### WORK TO BE COMPLETED:
Take the entries below and reproduce exactly the portion that begins at the line containing "Potato, Spinach and Beef Casserole" and ends at the line containing "Illinois Salary Example", keeping both ends, dropping pictures, and adding nothing else.

### RECORD SET:

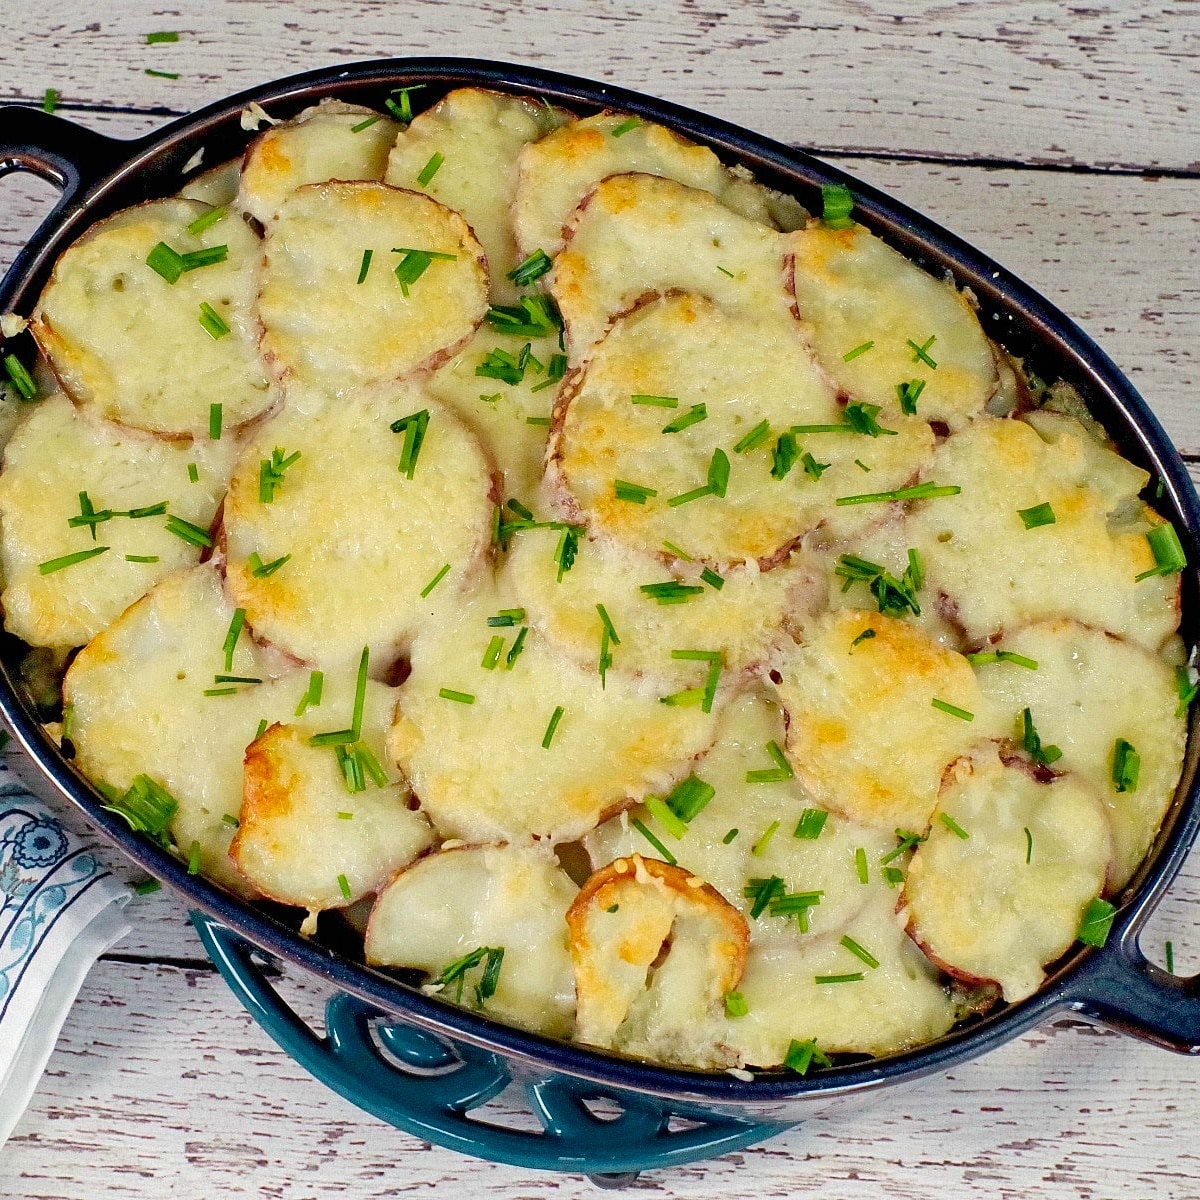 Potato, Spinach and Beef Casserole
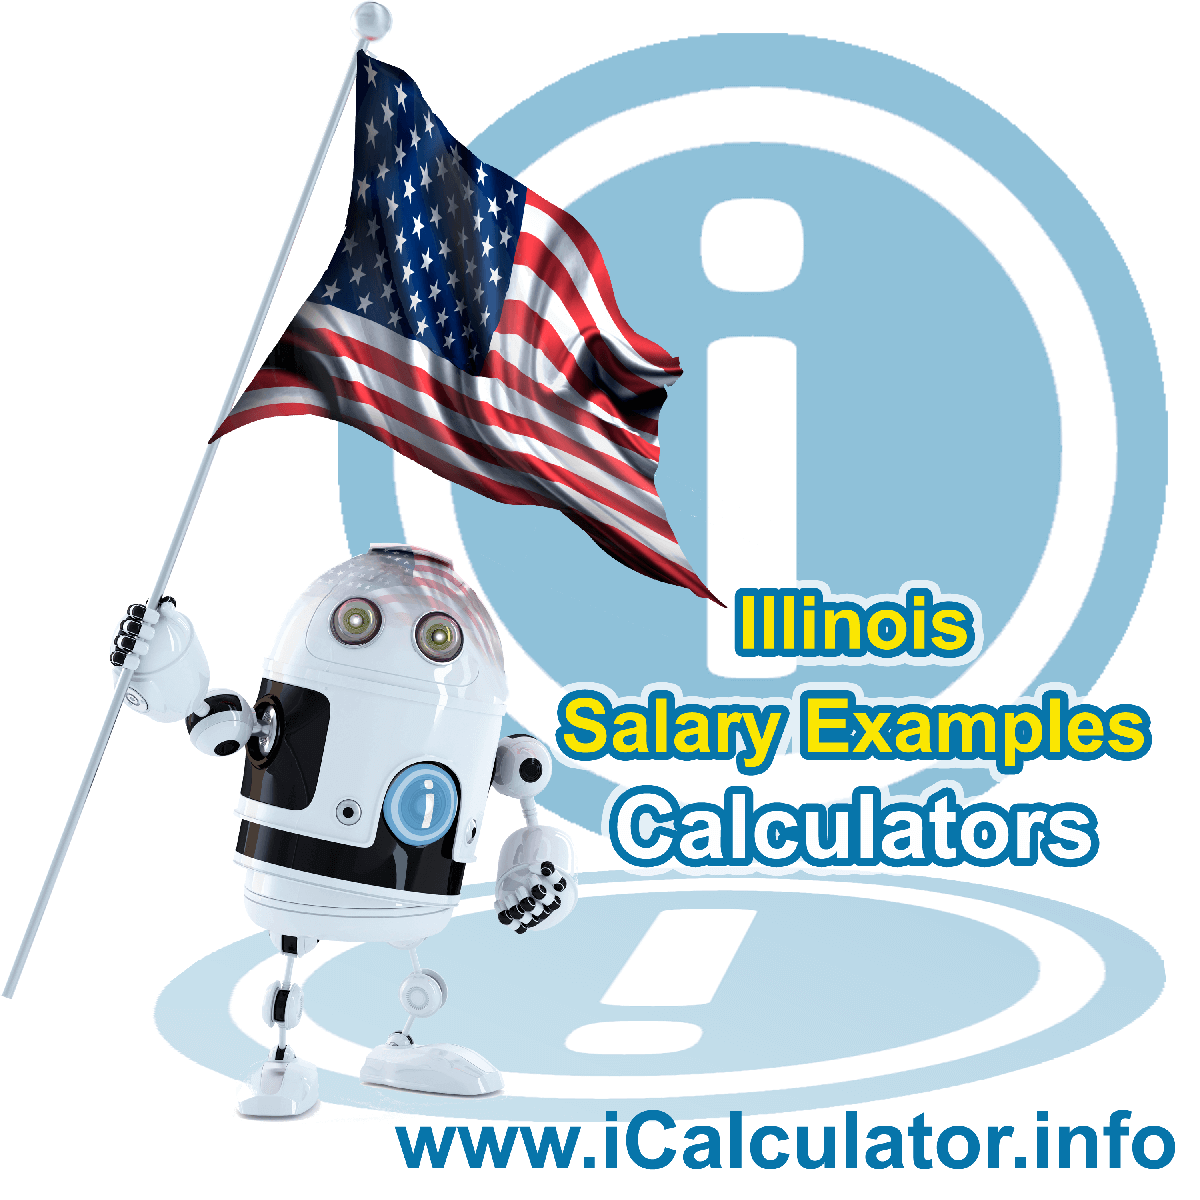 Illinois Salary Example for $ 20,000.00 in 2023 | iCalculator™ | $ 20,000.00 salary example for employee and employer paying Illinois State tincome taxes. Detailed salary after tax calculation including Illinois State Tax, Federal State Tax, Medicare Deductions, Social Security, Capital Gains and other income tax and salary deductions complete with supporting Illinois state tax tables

--

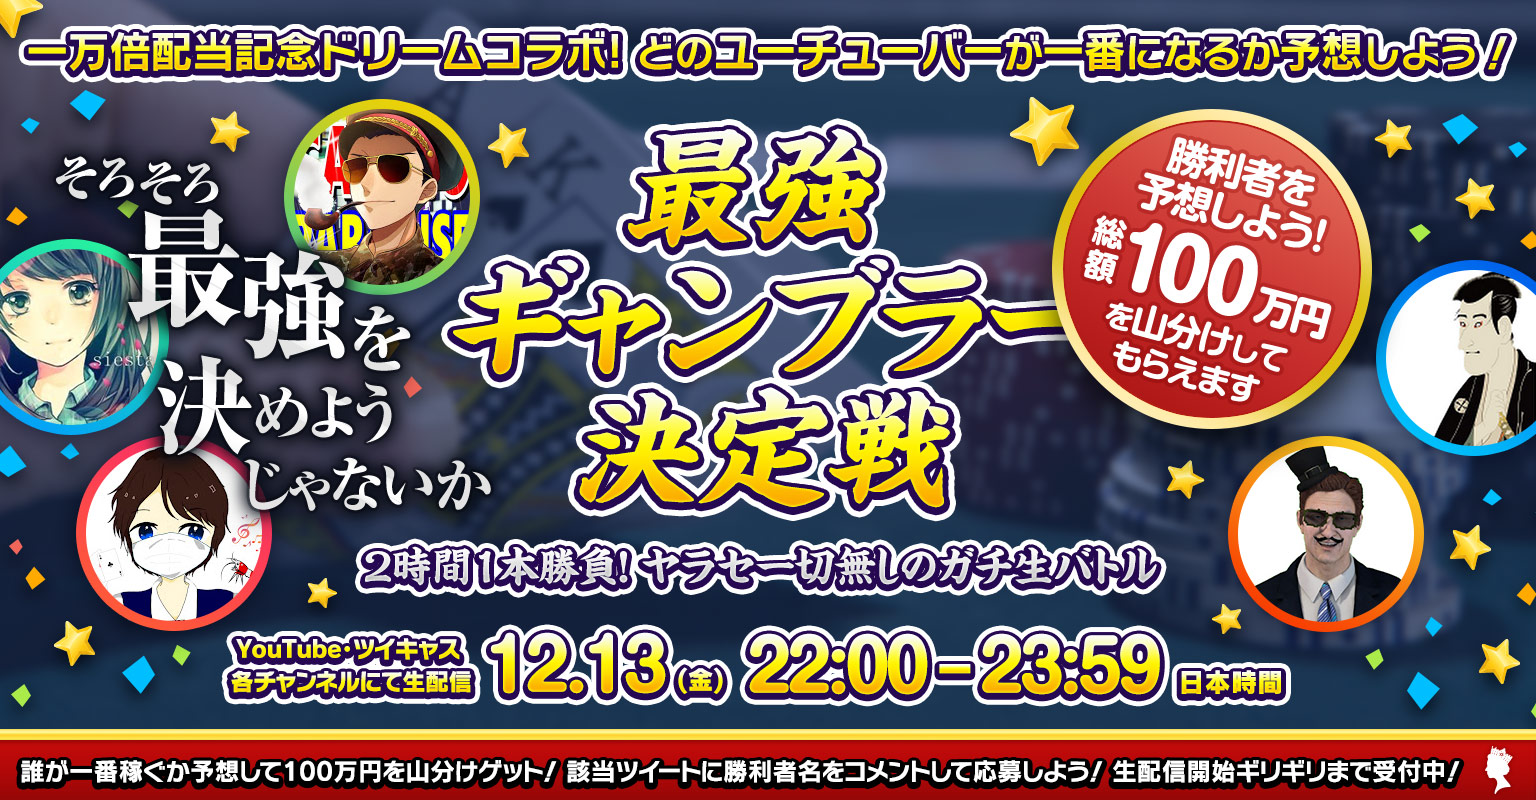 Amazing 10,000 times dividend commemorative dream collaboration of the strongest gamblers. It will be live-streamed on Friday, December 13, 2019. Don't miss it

### ANSWER:
 Potato, Spinach and Beef Casserole
 Illinois Salary Example for $ 20,000.00 in 2023 | iCalculator™ | $ 20,000.00 salary example for employee and employer paying Illinois State tincome taxes. Detailed salary after tax calculation including Illinois State Tax, Federal State Tax, Medicare Deductions, Social Security, Capital Gains and other income tax and salary deductions complete with supporting Illinois state tax tables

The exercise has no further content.